Leitsatz
Für Kinder mit ausschließlichem Wohnsitz oder gewöhnlichem Aufenthalt in Nordzypern wird kein Kindergeld gewährt, wenn sie nicht im Haushalt eines Berechtigten im Sinne des § 62 Absatz 1 Satz 1 Nummer 2 Buchst. a EStG leben.
Normenkette
§ 63 Abs. 1 Satz 6 EStG, § 115 Abs. 2 Nr. 1 FGO
Sachverhalt
Die Familienkasse lehnte die Gewährung von Kindergeld für die im Nordteil von Zypern studierende Tochter der Klägerin ab, weil diese im Streitzeitraum keinen Wohnsitz oder gewöhnlichen Aufenthalt im Inland oder einem EU-Mitgliedstaat gehabt habe. Das FG wies die anschließende Klage ab (FG Münster, Urteil vom 25.8.2020, 1 K 383/20 Kg) und ließ die Revision nicht zu.
Entscheidung
Der BFH wies die Nichtzulassungsbeschwerde als unbegründet zurück, weil Nordzypern unzweifelhaft nicht Bestandteil eines EU-Mitgliedstaats ist.
Hinweis
1. Die Abfassung einer Nichtzulassungsbeschwerde ist aufgrund der Darlegungserfordernisse des § 116 Abs. 3 Satz 3 FGO schwieriger als eine Revisionsbegründung. Wird sie auf die grundsätzliche Bedeutung einer Rechtsfrage gestützt (§ 115 Abs. 2 Nr. 1 FGO), dann muss eine klärungsbedürftige und klärungsfähige Rechtsfrage herausgearbeitet werden. An der Klärungsbedürftigkeit fehlt es, wenn sich die Beantwortung der Rechtsfrage ohne Weiteres aus dem Gesetz ergibt oder sie offensichtlich so zu beantworten ist, wie es das FG in seiner Entscheidung getan hat.
Das Erfordernis einer Entscheidung des BFH zur Fortbildung des Rechts ist ein Unterfall des Zulassungsgrunds der grundsätzlichen Bedeutung und setzt daher ebenfalls eine klärungsbedürftige Rechtsfrage voraus.
2. Für Kinder, die weder einen Wohnsitz noch ihren gewöhnlichen Aufenthalt im Inland, einem EU-Mitgliedstaat oder einem EWR-Staat haben, wird kein Kindergeld gewährt, wenn sie nicht im Haushalt eines Berechtigten i.S.d. § 62 Abs. 1 Satz 1 Nr. 2 Buchst. a i.V.m. § 1 Abs. 2 EStG leben. Ihr Existenzminimum wird (nur) durch die – ggf. nach den Verhältnissen des Wohnsitzstaats geminderten – Freibeträge nach § 32 Abs. 6 EStG freigestellt.

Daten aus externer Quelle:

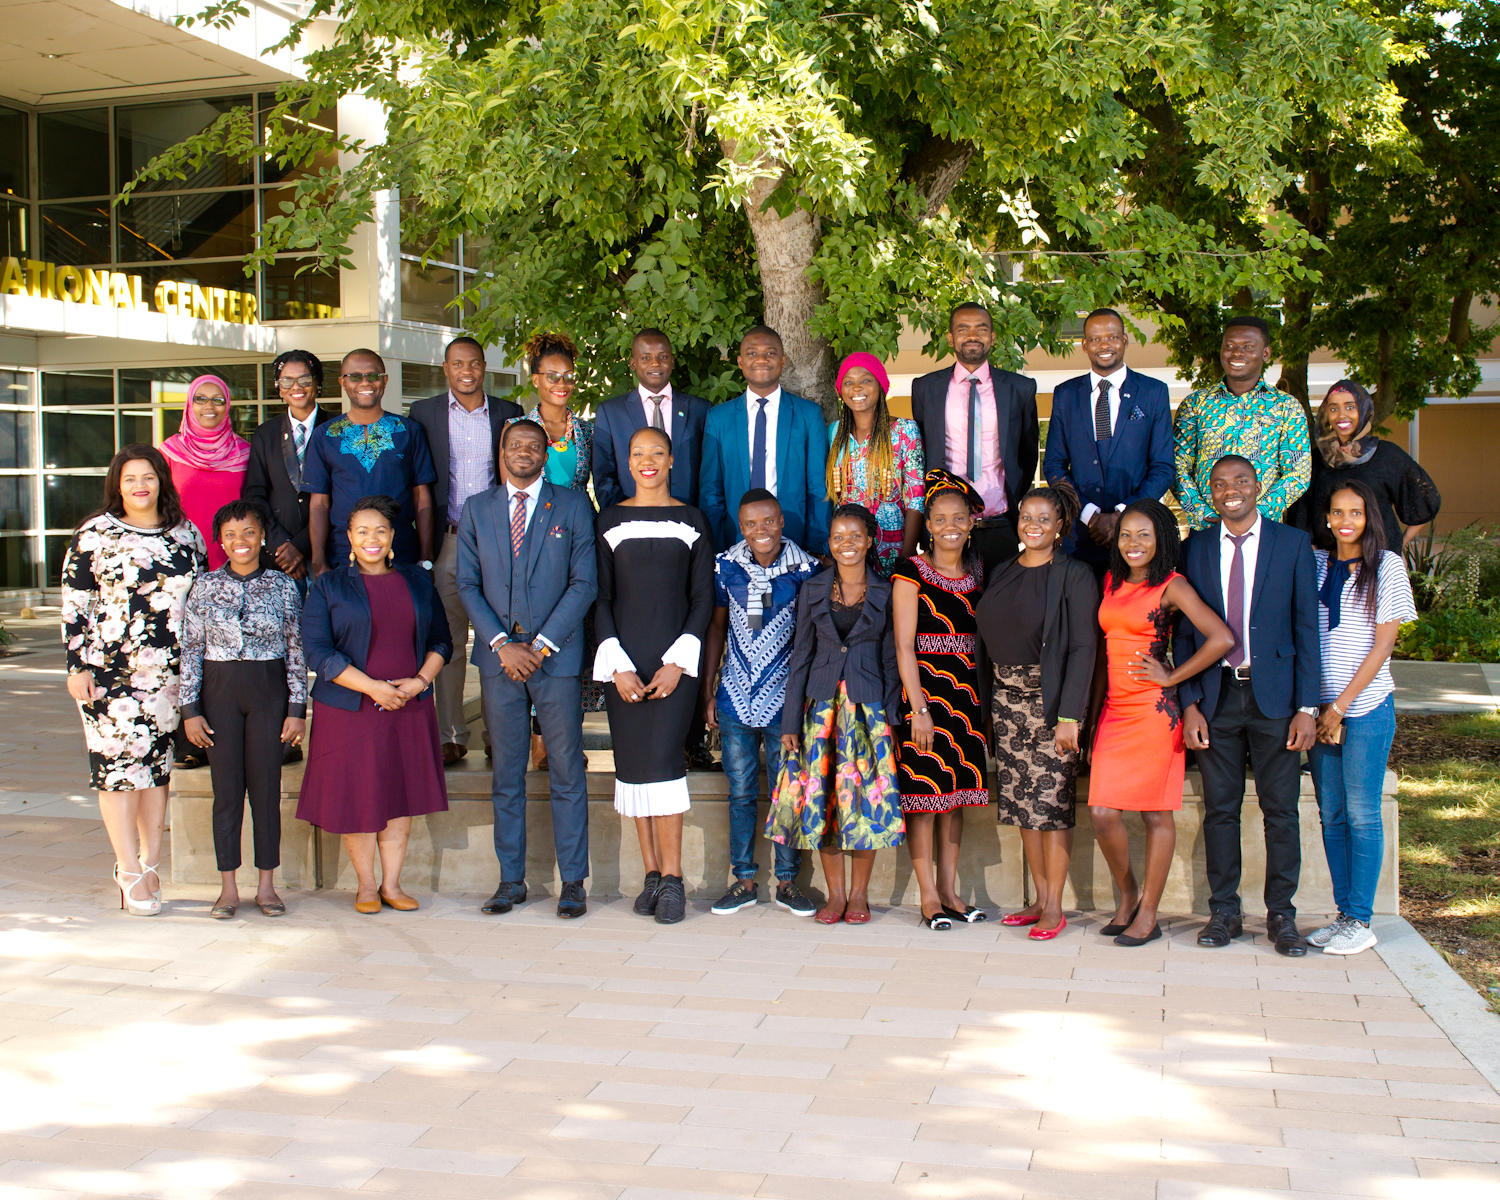 2018 Mandela Fellow Group Photo at International Center
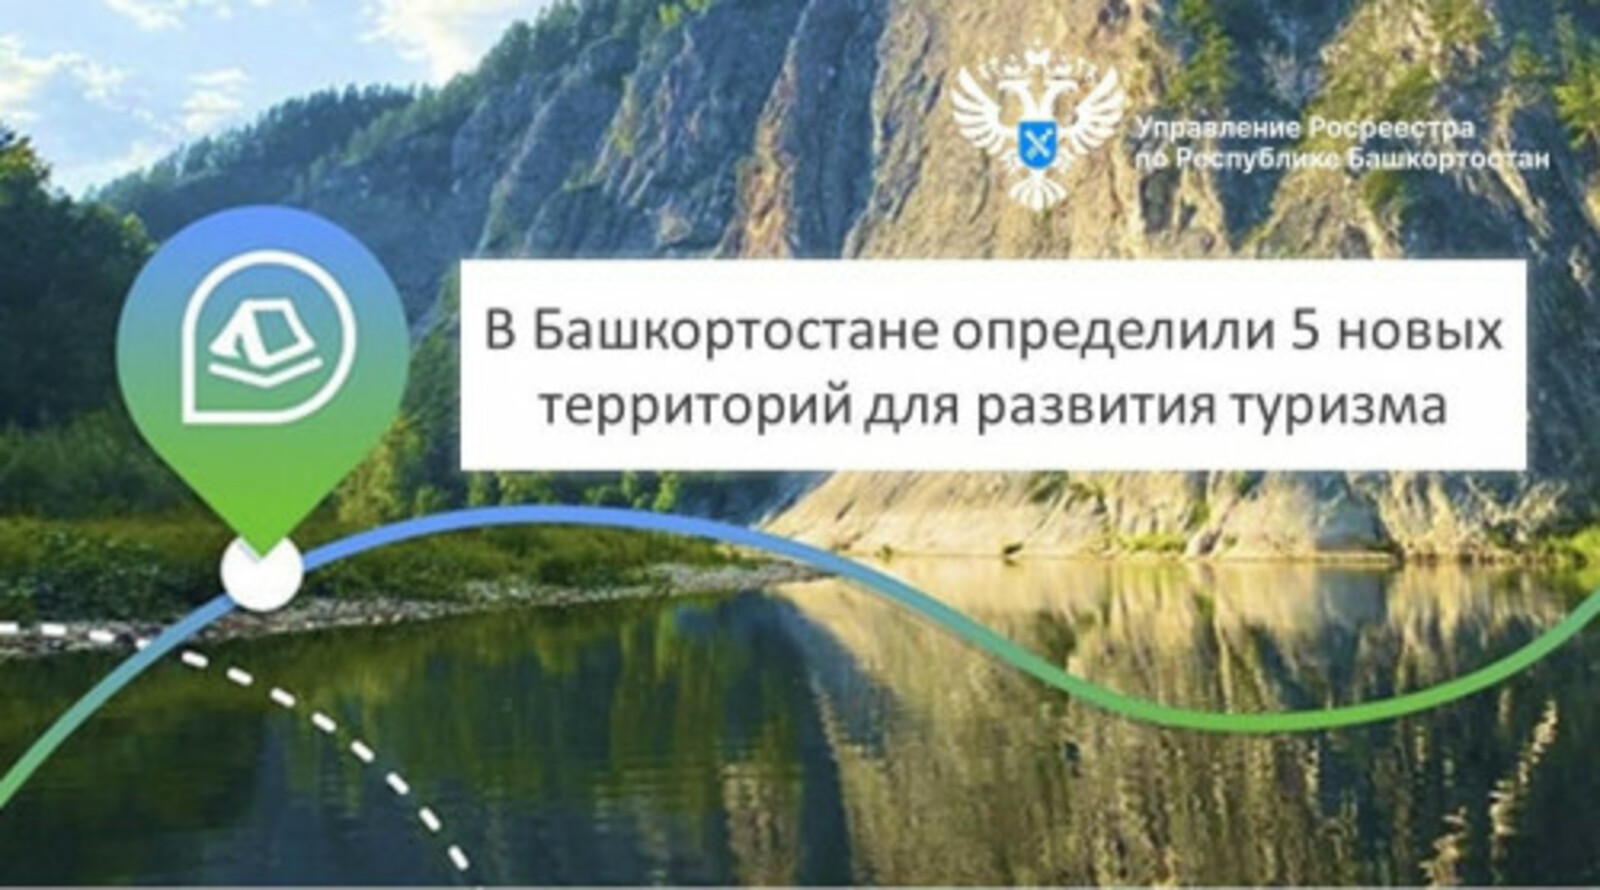 В Башкортостане определили пять территорий для развития туризма

3. Nordzypern ist eindeutig kein "Mitgliedstaat" der EU.
Der Gesetzeswortlaut zeigt, dass es nicht allein auf einen territorialen Aspekt ankommt, sondern der Beitritt des Staats zur EU vorausgesetzt wird; die Bestimmungen des Gemeinschaftsrechts müssen dort sofort und vollständig anwendbar sein, soweit nicht in Übergangsbestimmungen Abweichungen vorgesehen sind. Entscheidend ist also nicht nur, ob das Gebiet völkerrechtlich dem Gebiet der EU zugeordnet werden kann. Hinzukommen muss, dass auf diesem Gebiet auch das Recht der EU gilt. Die Anwendung des EU-Rechts ist aber im Bereich der völkerrechtlich nicht anerkannten Türkischen Republik Nordzypern suspendiert, solange die Regierung der Republik Zypern in diesem Gebiet keine tatsächliche Kontrolle ausübt.